Yes, the dirt, rocks and metal tend to be rough on a razor sharp chain, and in a matter of a split second.

I am excited to tear into some wood with this saw... hope you enjoy yours as much as I know I will.

LG


Sent from my iPad using Tapatalk


----------



## Ashful (Apr 9, 2018)

Correction:  Stihl does not “recommend” a 32 inch bar on that saw, they specify that as the “maximum recommended” bar.  I’d run a 24” bar on that saw, if it were mine.  It will balance fairly well, and won’t struggle when you bury the nose in hardwood.  I’d keep the 32” bar for those rare occasions you’re cutting on something over 48 inches diameter, but I’d not be using that daily.


----------



## Tar12 (Apr 9, 2018)

Ashful said:


> Correction:  Stihl does not “recommend” a 32 inch bar on that saw, they specify that as the “maximum recommended” bar.  I’d run a 24” bar on that saw, if it were mine.  It will balance fairly well, and won’t struggle when you bury the nose in hardwood.  I’d keep the 32” bar for those rare occasions you’re cutting on something over 48 inches diameter, but I’d not be using that daily.


People get real disappointed when they run the "maximum" length bar allowed on a saw...What they recommend is spot on for productivity.


----------



## Lone_Gun (Apr 10, 2018)

Ashful said:


> Correction:  Stihl does not “recommend” a 32 inch bar on that saw, they specify that as the “maximum recommended” bar.  I’d run a 24” bar on that saw, if it were mine.  It will balance fairly well, and won’t struggle when you bury the nose in hardwood.  I’d keep the 32” bar for those rare occasions you’re cutting on something over 48 inches diameter, but I’d not be using that daily.
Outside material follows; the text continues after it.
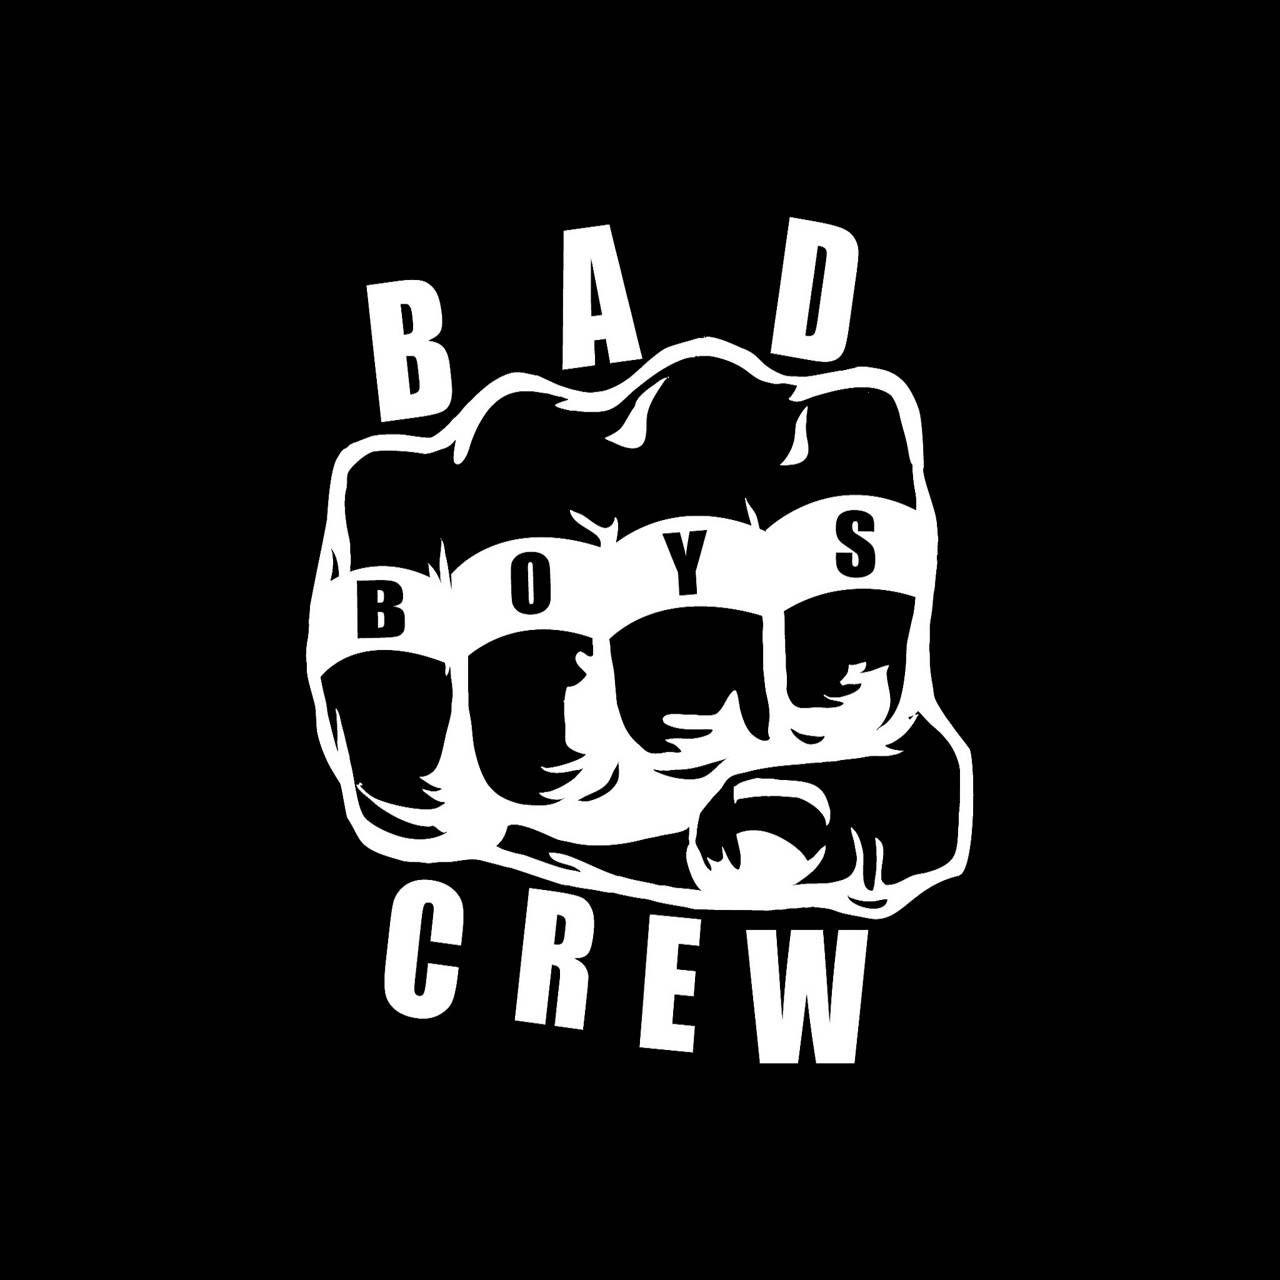 Bad Boy Wallpaper By Baddelta 1a Free On Zedge Boys Wallpaper Iphone Wallpaper Boys Art Logo

You’re right, I hope I didn’t type that into my post. That’s part of the reason I was not planning on buying the 32” bar with this saw. The guy I bought it from had it on the saw, and I am planning on getting something shorter for regular use. Saving the longer bar for when it’s necessary.

LG



Sent from my iPad using Tapatalk


----------



## lindnova (Apr 19, 2018)

Yes 24” bar is best on a 461. I have a 32” and it will work in big wood but the 24 is way less cumbersome to work with.


----------